A note on baking. You can bake this stuff at MUCH higher temperatures and much shorter times. I don't recommend it, but at least it's possible. You can also safely add layers and re-bake an item multiple times (I think the most times I've had to bake a certain item is 12 times). You can also partially cure the material by under baking it if you want to harden it up a bit while keeping it workable (I don't recommend this option) If you over bake sculpey too much it turns a pinkish color. 

On my orcs, I added sculpey and then cooked them. This is a VERY RISKY option, because the necessary temperature is VERY close to the melting point of GW plastic. If you take a good look at the plastic parts on my plague marines, you can clearly see that some of them got too hot. (the bar between their feet is a good indicator for this issue) If you get plastic too hot, first it will begin to get soft, then the sharp edges will begin to soften. After that the plastic will swell a little bit. The only good thing about being near the melting point is that it makes repositioning arms/legs very easy. 
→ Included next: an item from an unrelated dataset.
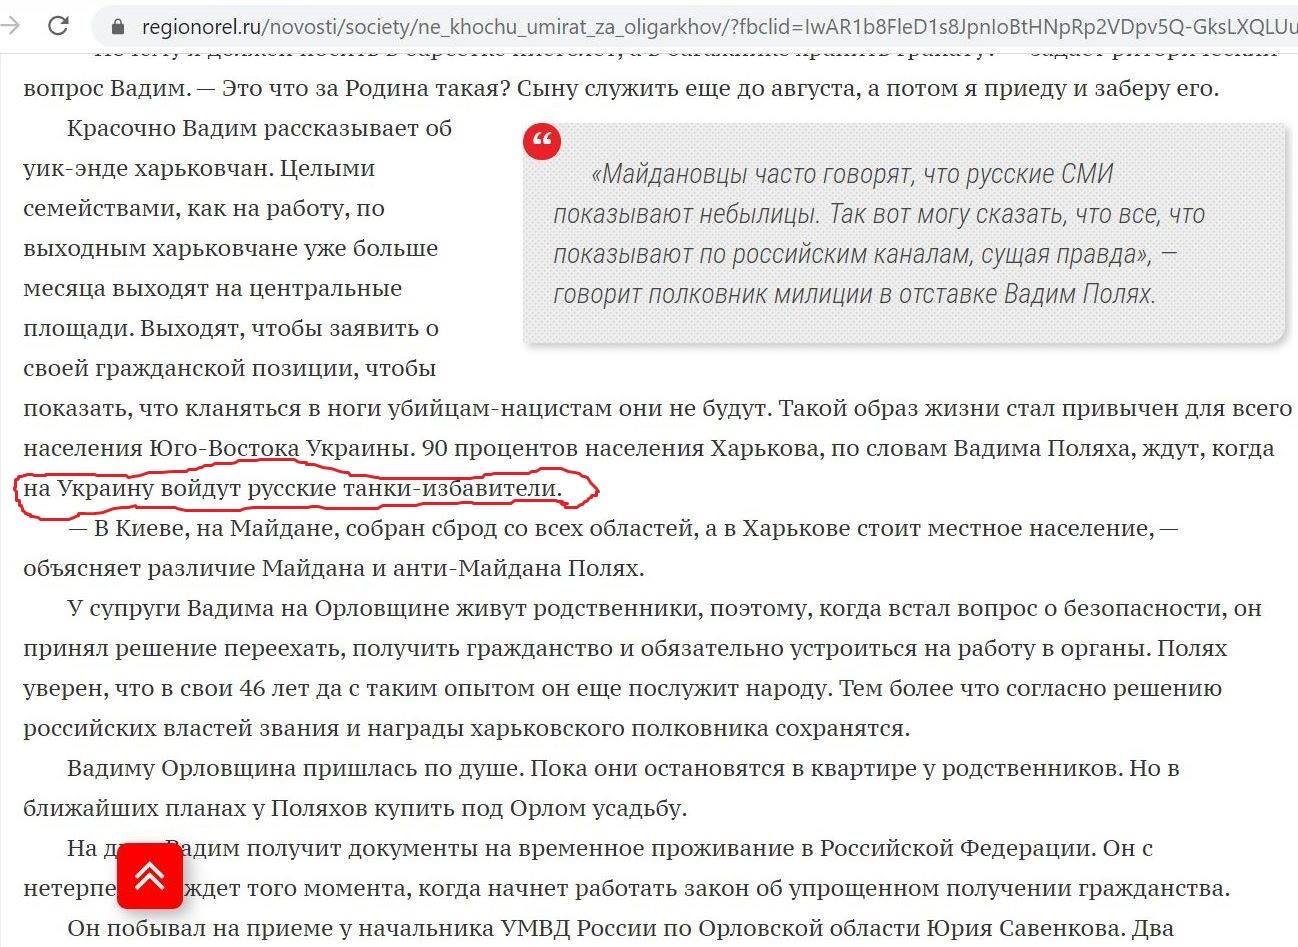 https://img.glavnoe.ua/Image2018/2020/05/29/0003.jpg

Hopefully some of the above is useful. If you have any specific questions about the stuff, I may have an answer.


----------



## NurglingStomper (Jan 31, 2009)

Holy shit man that's amazing! I like your dread a lot. Have some rep good sir.


----------



## MaidenManiac (Oct 2, 2008)

enieffac said:


> Plague marines (I know you're only reading this to see how I'm trying to make orcs look like space marines, so here it is.)
> Anyway... Thats what I've got so far. I figure I might be 20% done with the modeling at this point.


:laugh:
This is totally genious! Have a more then well deserved reward in repform:victory:


----------



## tastytaste (Mar 31, 2009)

Wow such a daunting task! I wish you the best of look cannot wait for updates!


----------



## enieffac (Nov 24, 2008)

Life got busy so no progress on this project for a while... but I have time again. So... I need some ideas for backpacks and heads for my orc marines...


----------



## hugor1 (May 6, 2008)

The easiest thing is to extent the normal marine backpacks' vents, for the head if you have spare skulls or anything of the sort, scultp over em or you can go on eBay for some helmets or even better pig iron helmets  keep it up!


----------